Four things stand out to be about the creation account which inform our daily work:
First, God makes something, then calls it 'good' but then comes back the next day and changes things again. Good is not done. God's work is first creation from nothing (which he alone can do), but after that, he's taking good things and making them better.
Entrepreneurs will get this right away. We're always trying to make our processes and products better. There's a management tool called 'continuous quality improvement' which is very much a Biblical idea (and it historically came out of Biblical influence).
But it's not just entrepreneurs who honor this principle. Every worker has the opportunity to improve. If a perfect God works to improve the output of his labor, imperfect humans certainly should too. Maybe it's building a Fortune 500 company. Maybe it's getting better at loading the dishwasher. The principle is the same, and is part of what it means to be in the image of God.

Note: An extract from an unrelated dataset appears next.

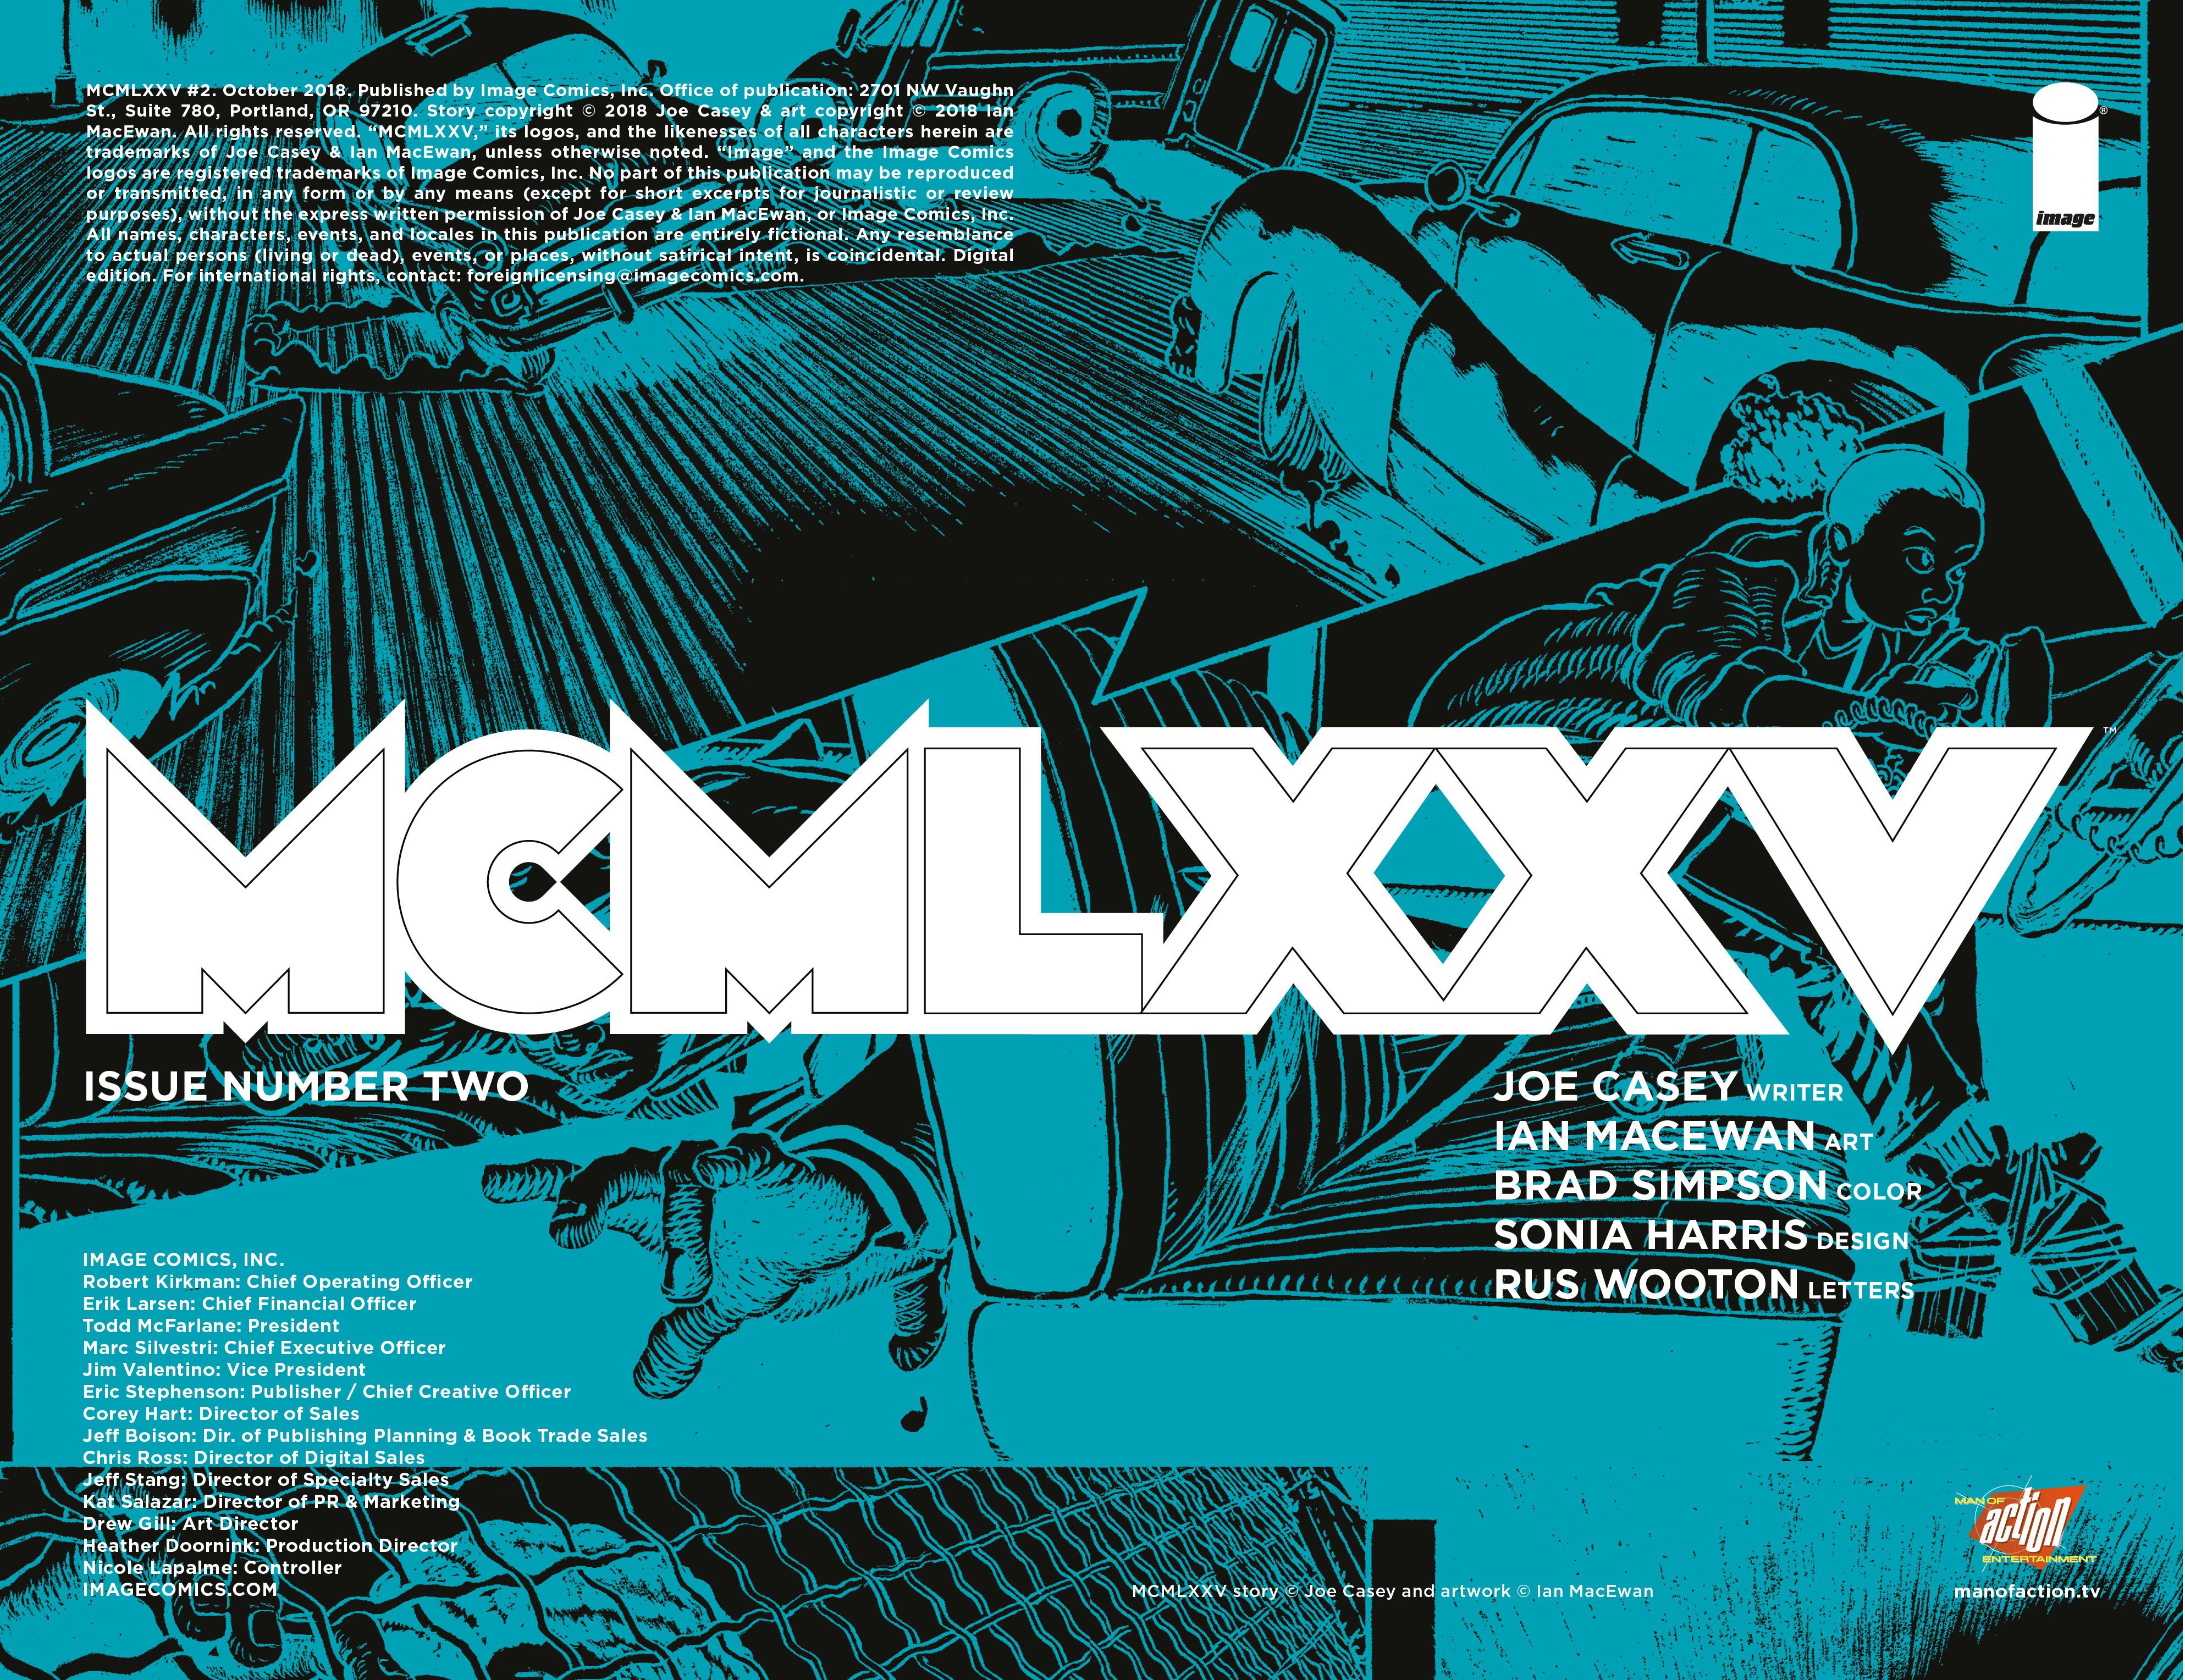 MCMLXXV 002 001

Second, God organizes things before filling them. The earth is 'formless and void'. The first Bible translator in American, Charles Thompson, translated that as 'unfurnished'. I actually think that his practical American mind might have gotten us closer to the market than the tradition of translating it using abstract philosophical ideas, such as chaos. God was building something and the raw materials were there, but it was not yet according to the final specs. Unfurnished, unfinished, not yet fit for purpose. And also empty.
So it's unorganized and empty. The first thing is to make it organized, which he does. The first three of the six days focus mainly on dividing things: heaven from earth; night from day; waters from dry land.

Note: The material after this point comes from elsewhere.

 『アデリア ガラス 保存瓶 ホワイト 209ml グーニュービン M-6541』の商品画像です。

When I decided to fix up my garage, first thing I did was build shelves. Then I put stuff on the shelves. God built his shelving system first.

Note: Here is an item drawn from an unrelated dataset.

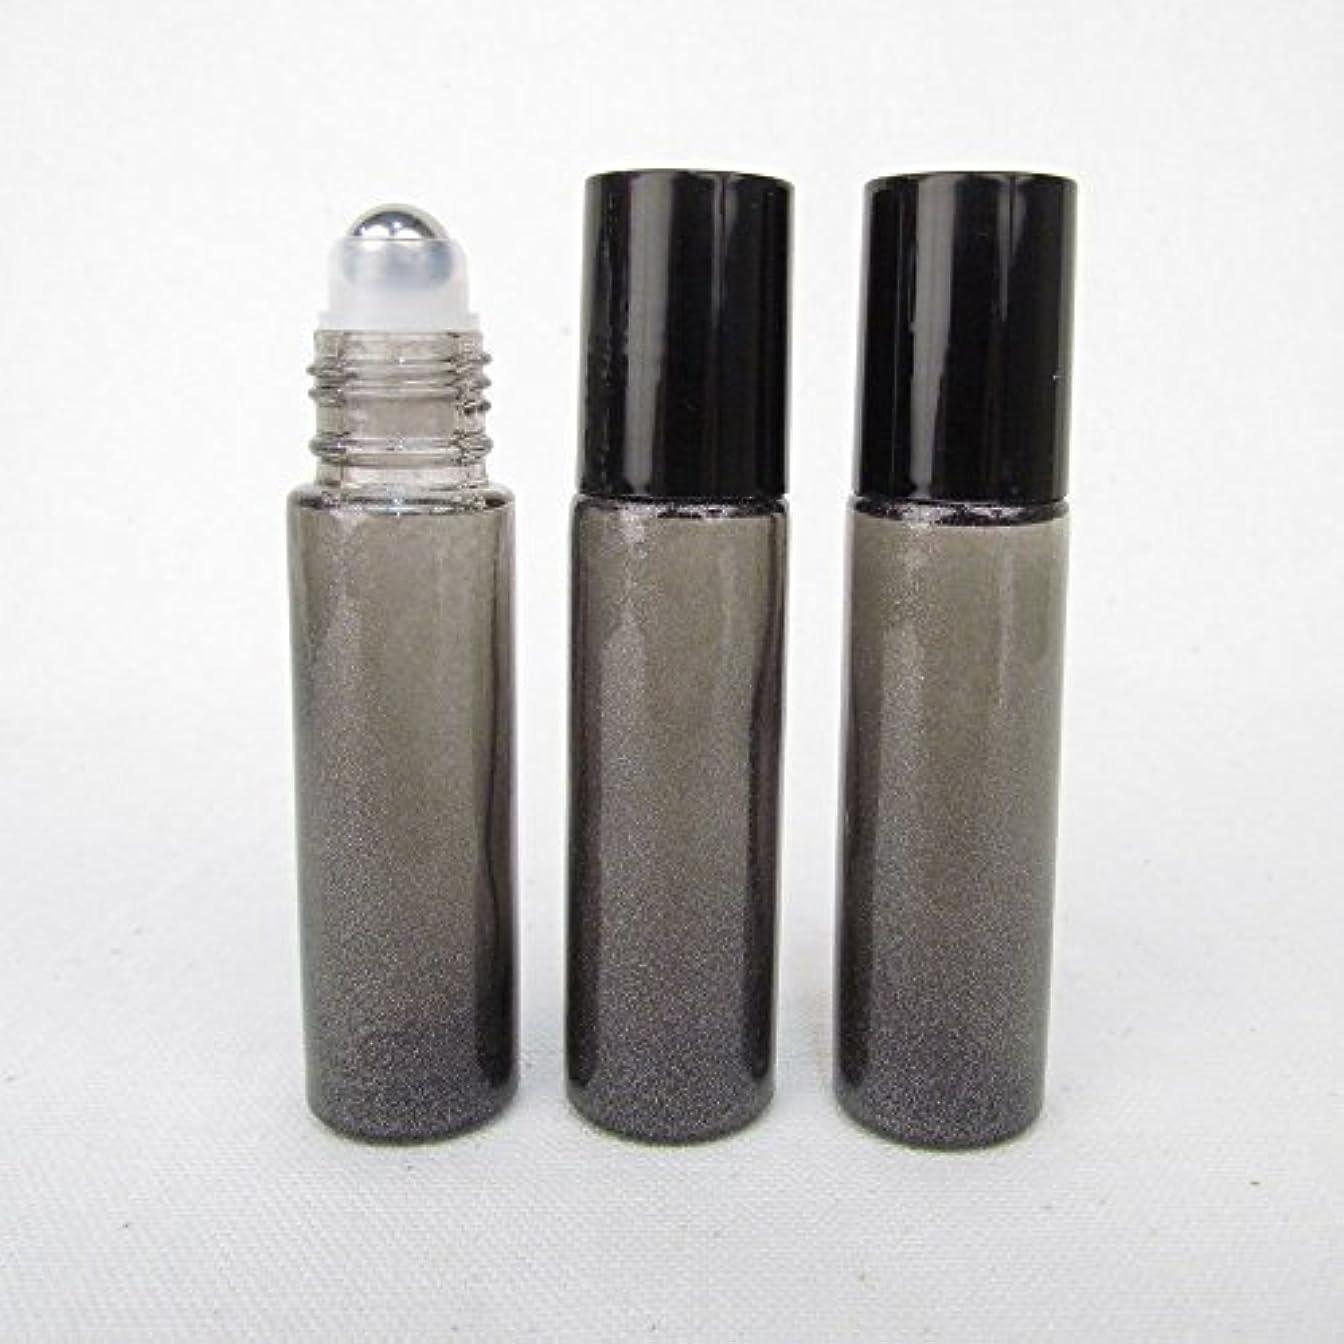 男家主毛布Set of 3 Granite Gray Color 10ml Roll on Bottle with Stainless Steel Ball for Essential Oil Products by Rivertree...

Third, then he filled the shelves. Dry land gets plants; sky gets sun, moon, and stars; air gets birds, seas get fish and other sea creatures; dry land gets animals and then humans.
Fourth, God delegates authority to the things he creates. He organizes things, which is an extremely important part of the creation account and continues as a key theme throughout the rest of the Torah. Those separate shelves are separate zones of authority. Then he gives authority to do jobs to the officers he creates to fill them. The firmament is given the job of separating the waters above from the waters below. The sun 'rules' the day; the moon 'rules' the night). Humans are then given rule over the earth.
If a perfect and omniscient God, one who has no inherent limits on his span of management, one who never gets overwhelmed with decision making, delegates his authority, then finite and fallible humans certainly should.